PLL Therapeutics reports positive safety and tolerability results from phase I/II trial in ALS (Amyotrophic Lateral Sclerosis)

Stage one results from PLL Therapeutics’ first-in-human, multi-stage phase I/II trial show favorable safety and tolerability of PLL001 in 12 ALS patients

Australian multi-stage study tested single ascending subcutaneous doses of PLL001 – in three dose cohorts – with placebo control

Villenave-d’Ornon (near Bordeaux), France, February 18, 2026 – PLL Therapeutics, a biopharmaceutical company developing a groundbreaking polypeptide delivery platform to treat the root cause of autoimmune and neurodegenerative diseases,  today announces positive results in the first stage of its phase I/II clinical trial in Amyotrophic Lateral Sclerosis (ALS), demonstrating a favorable safety and tolerability profile for its investigational therapy PLL001.

The administration of a single ascending dose in the first stage of PLL Therapeutics’ phase I/II study successfully met its primary objectives of showing safety and tolerability in 12 ALS patients.
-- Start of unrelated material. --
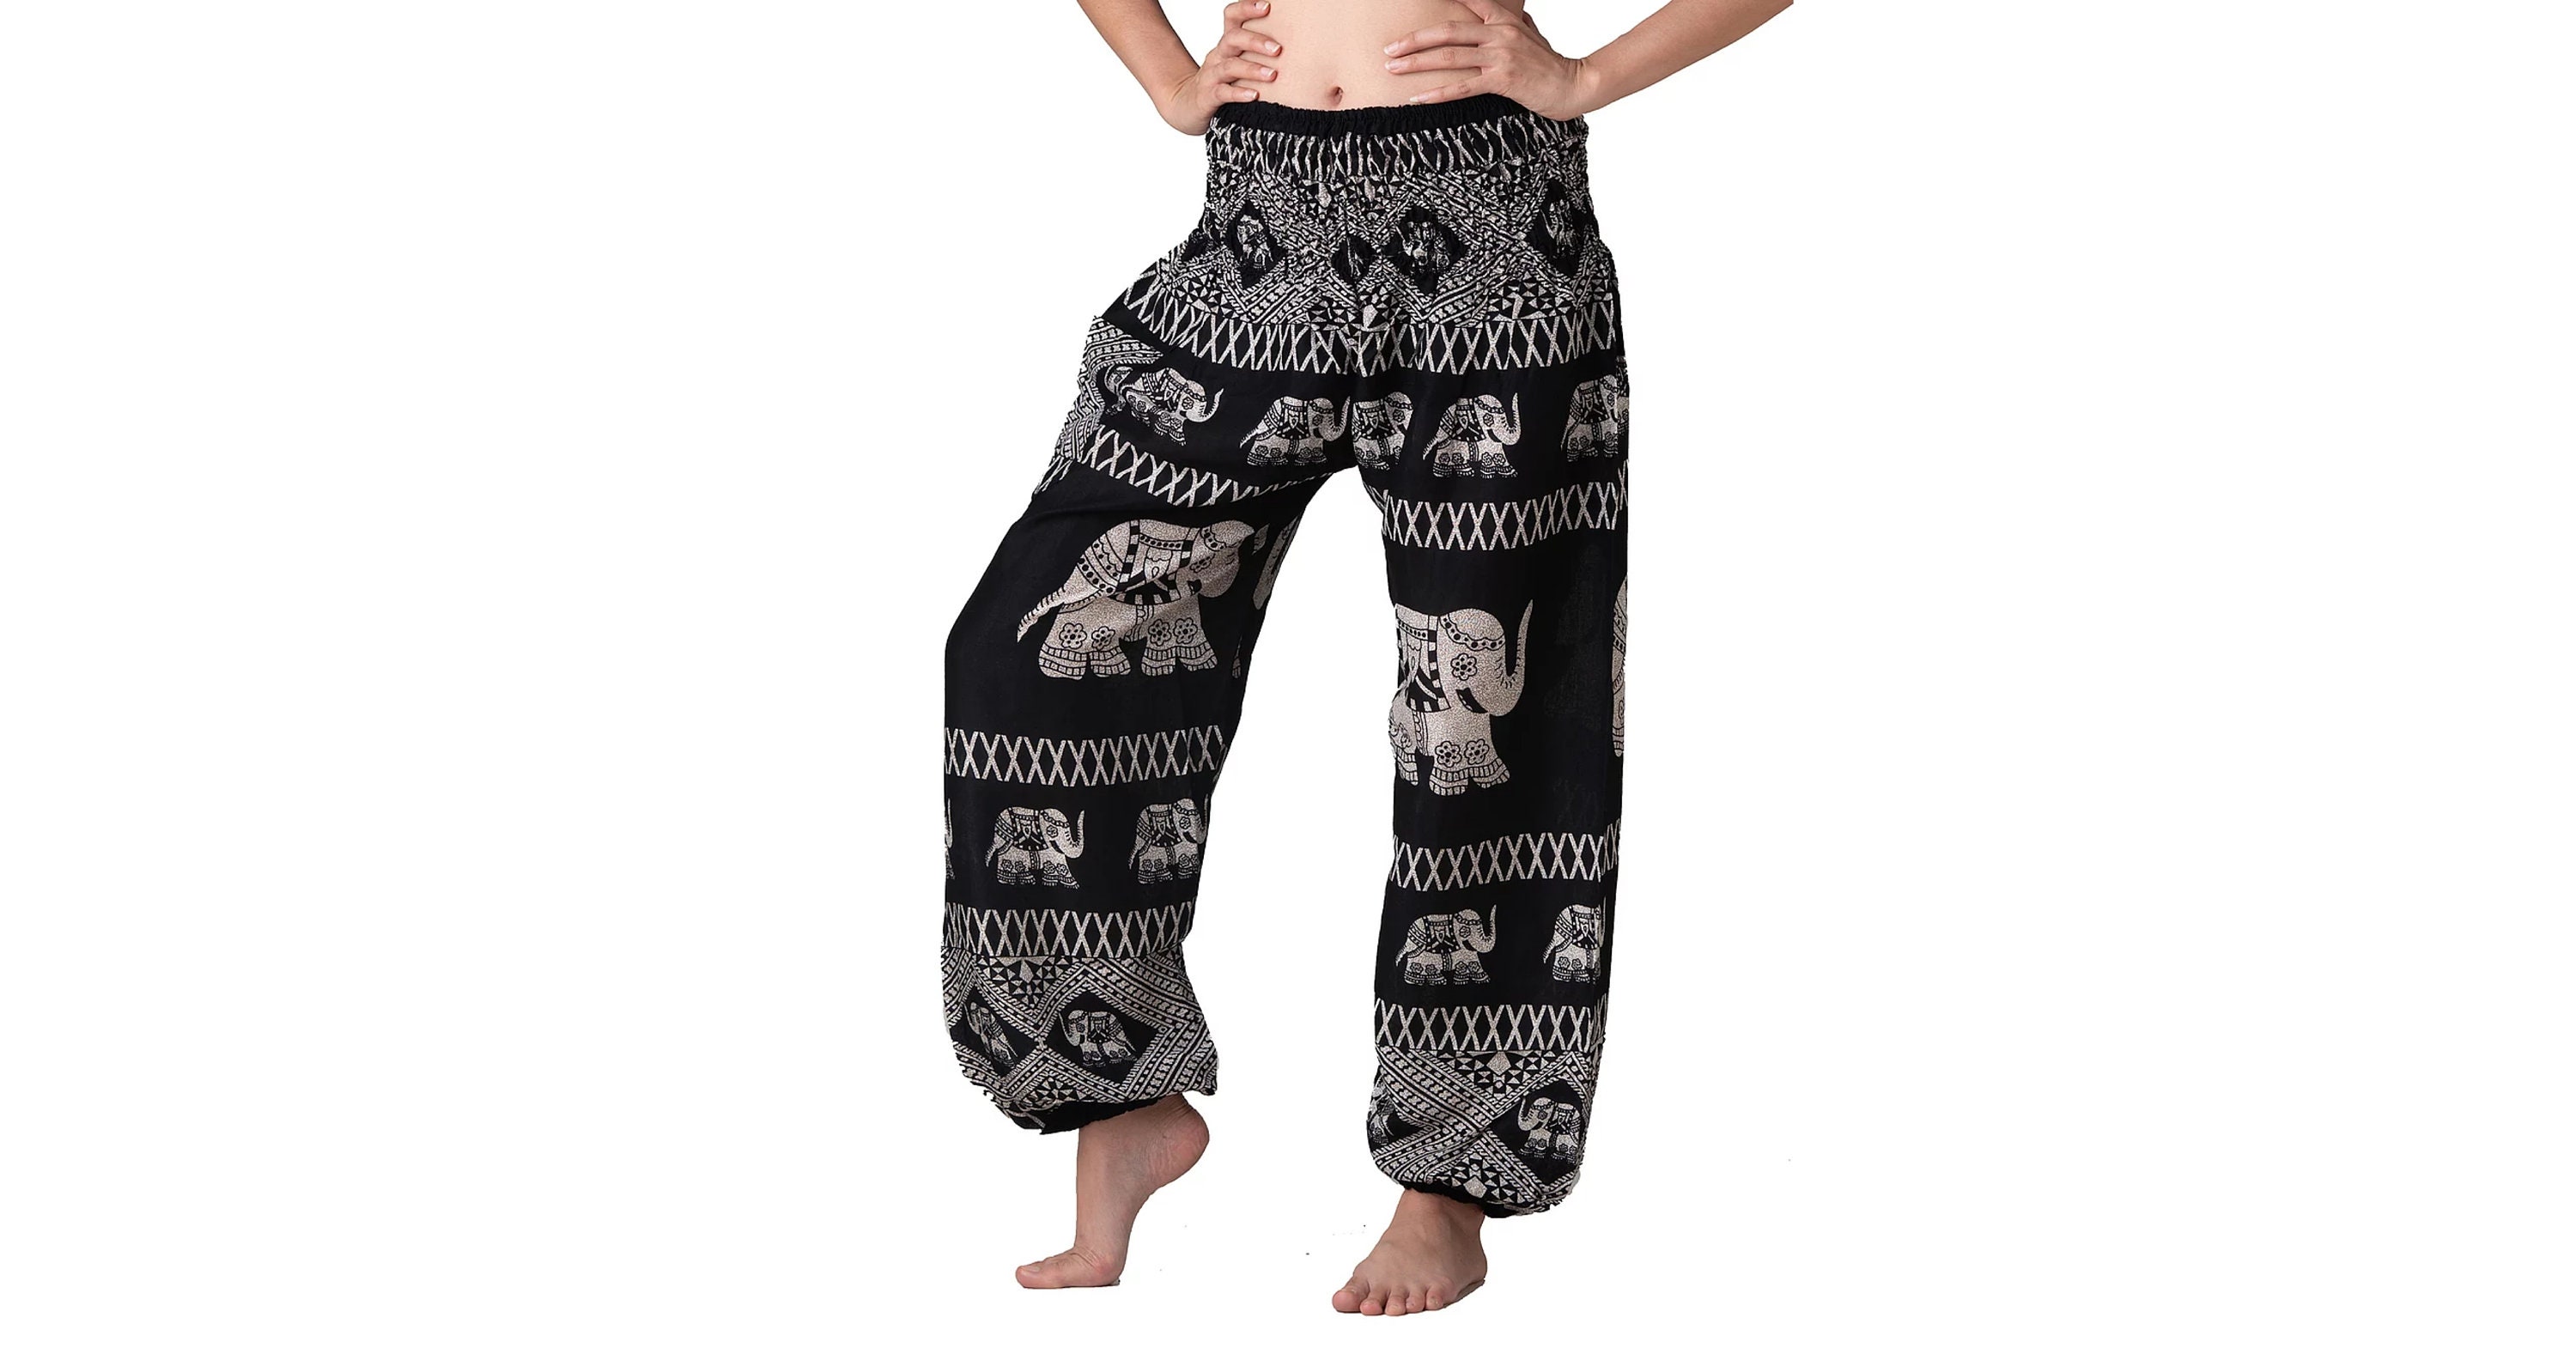 Elephant Boho hippie chic yoga & meditation harem pants – Bohofeather

The study, led by Prof. Susan Mathers, lead investigator, was conducted across multiple sites in Australia: Alfred Health, Calvary Health Care and Wesley Research Institute. It was designed to evaluate the safety and tolerability of single ascending doses of PLL001, in which patients were assigned to one of three dose cohorts during the first seven days, with a single administration of PLL001 or placebo in a double-blind manner.
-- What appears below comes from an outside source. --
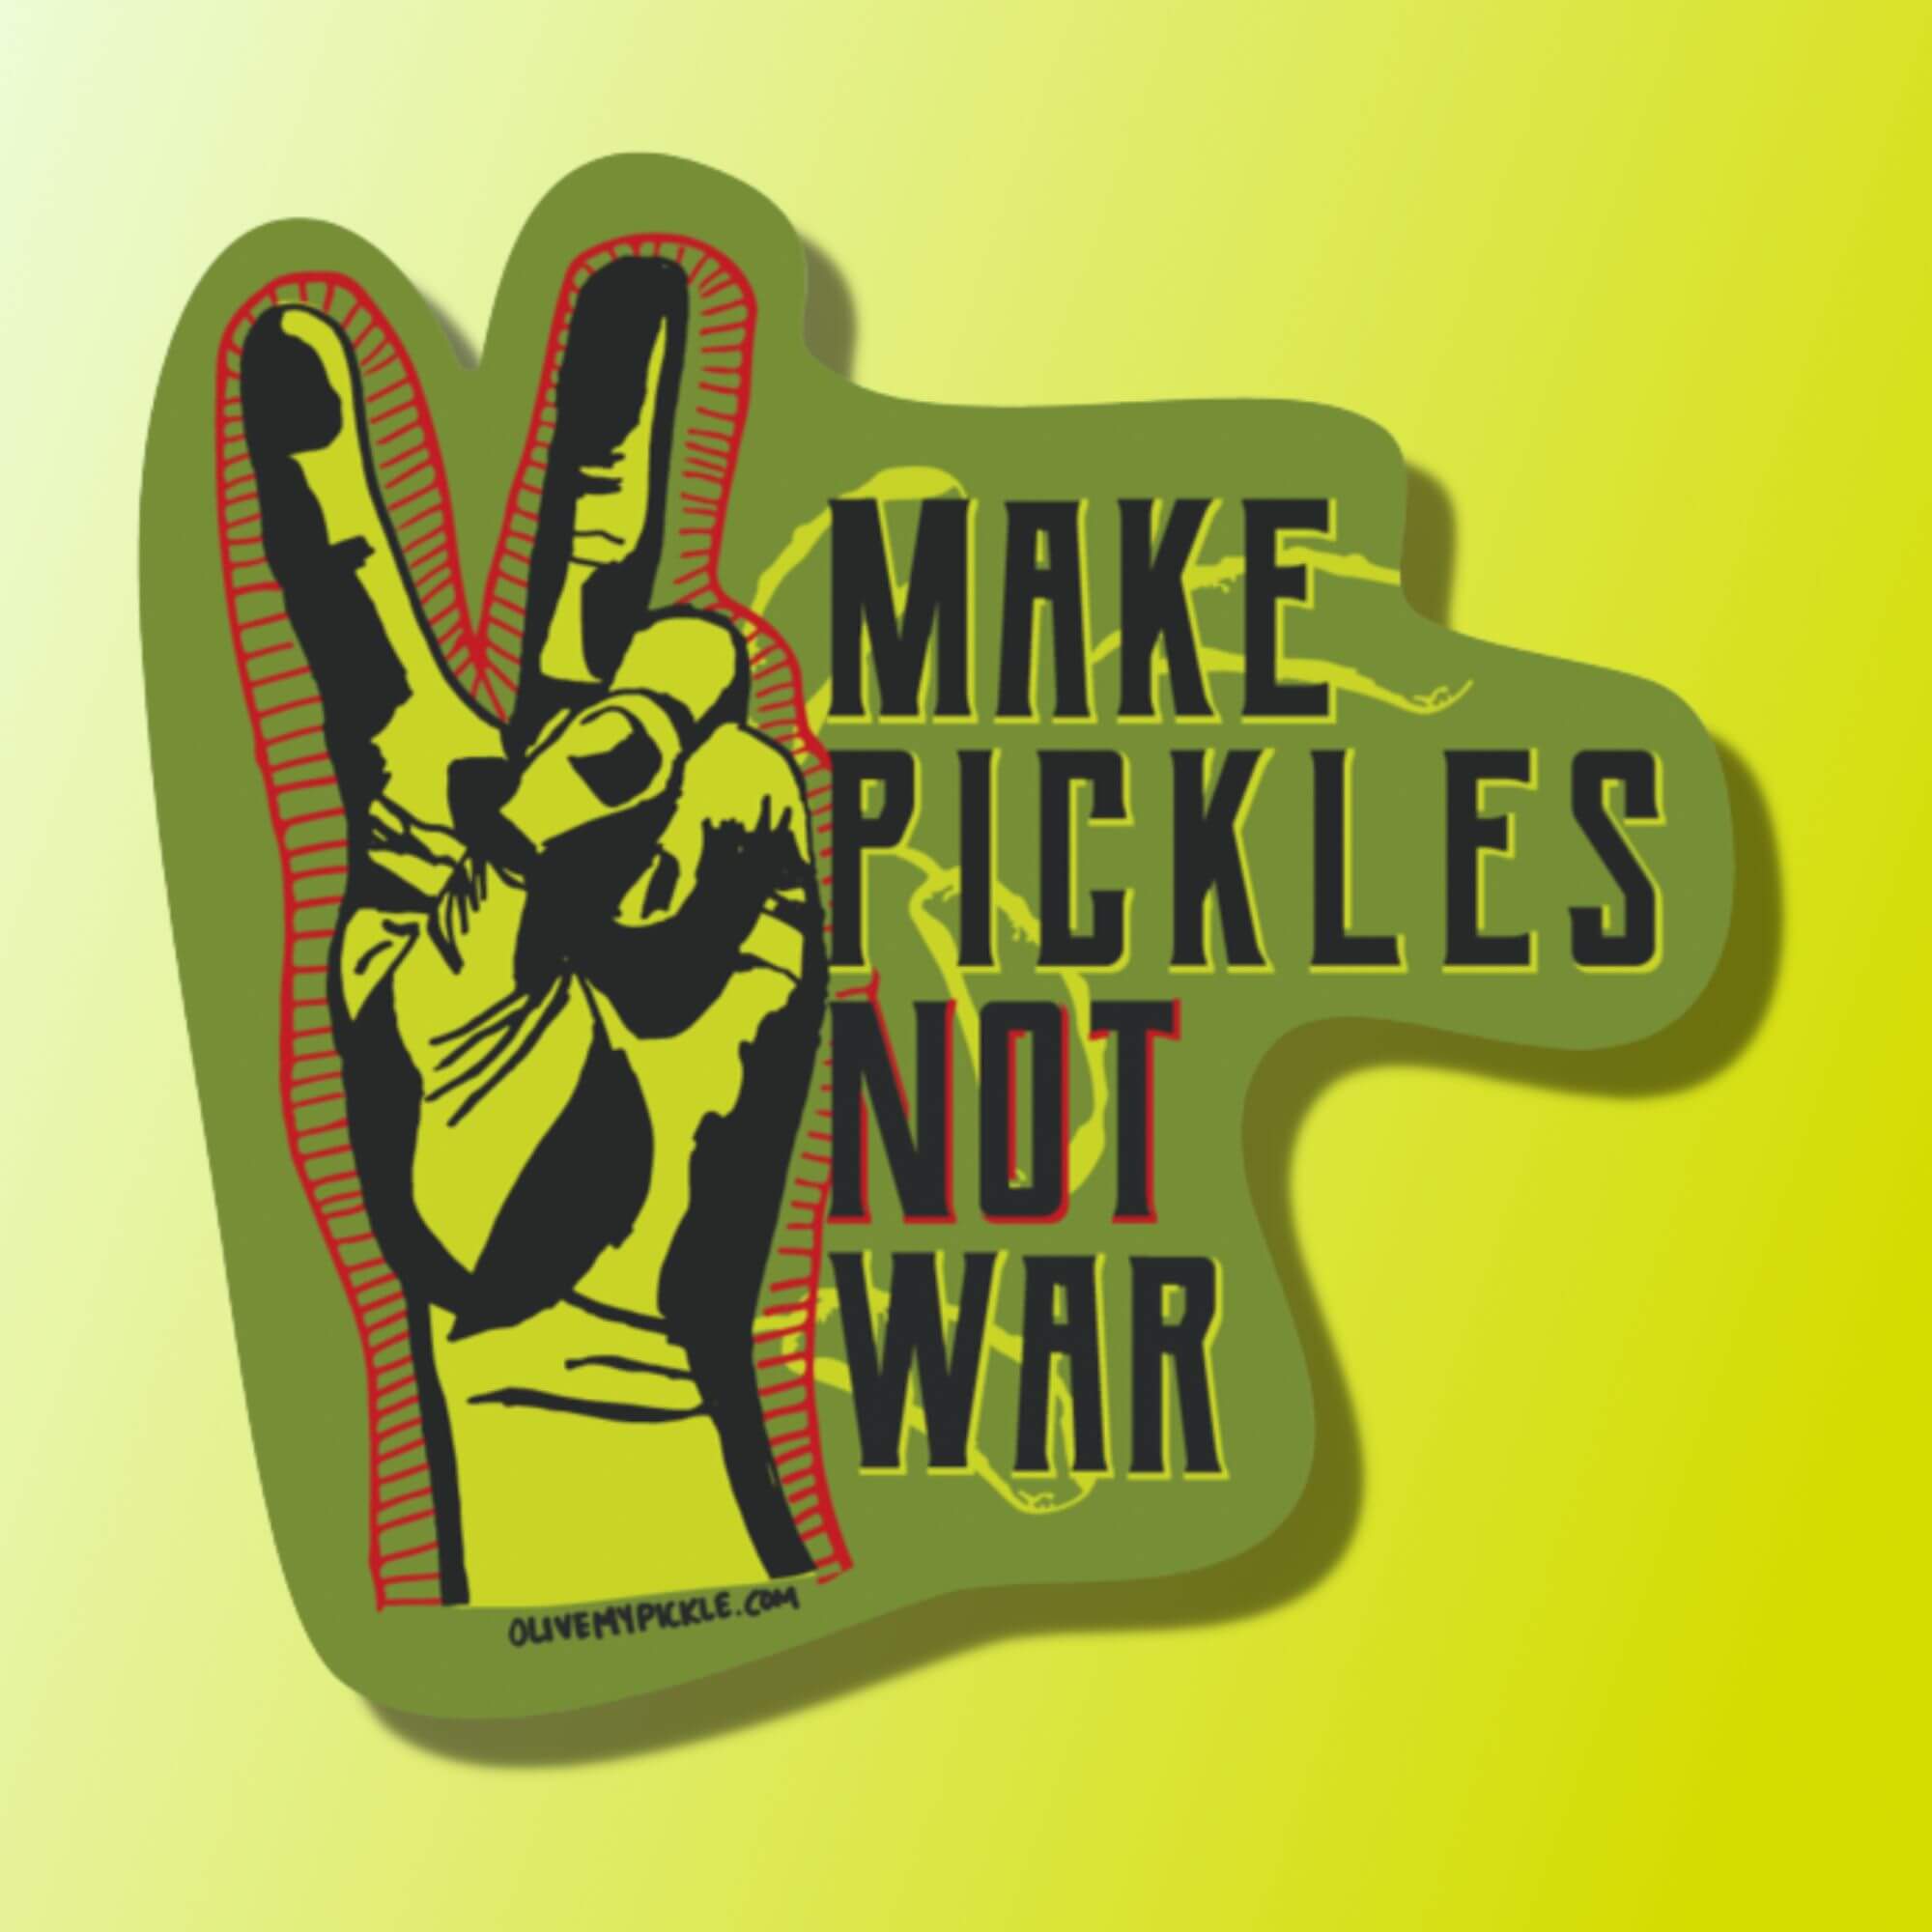 Classic Make pickles not war Sticker

The first stage of the phase I/II study demonstrated a favorable safety and tolerability profile, with no Serious Adverse Event (SAE) reported and no Treatment Emergent Adverse Event (TEAEs) resulting in study discontinuation.

“We are very encouraged by the phase I results in the 12 patients with ALS, which validate the safety profile of PLL001,” said Jean-Pascal Zambaux, co-founder and CEO of PLL Therapeutics. « This is a critical step forward in our mission to restore the intestinal epithelium barrier, thereby treating the root cause of ALS – a disease linked to the dysbiosis of the gut. Our teams in Australia, New Zealand and France are diligently advancing this program into phase II.”
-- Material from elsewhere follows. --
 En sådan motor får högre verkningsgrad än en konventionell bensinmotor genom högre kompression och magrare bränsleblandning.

The successful completion of this clinical phase paves the way for a second-stage trial, involving 140 ALS patients in Australia and New Zealand, to test the efficacy of PLL001, and for future ‘compassionate use’ programs. This next phase, due to start in Q2 of 2026, is scheduled to run for one year, during which patients will receive a daily injection of either PLL001 or a placebo over a six-month treatment period.

PLL001 is designed to address ALS at its onset and slow or halt disease progression. It is derived from PLL Therapeutics’ polypeptide delivery platform that leverages a Poly-L-Lysine conjugate, a peptide chain engineered to extend the in vivo half-life of active compounds. PLL001 aims at restoring the intestinal epithelium barrier through the delivery of targeted Small-Chain Fatty Acids (SCFAs) to gut epithelial cells and the Blood-Brain Barrier (BBB), helping restore the normal function of cells lining the gut, as well as the BBB. Tightening the junctions between cells, sealing the gut lining to prevent leakage of harmful substances into the bloodstream and Central Nervous System, helps reduce inflammation.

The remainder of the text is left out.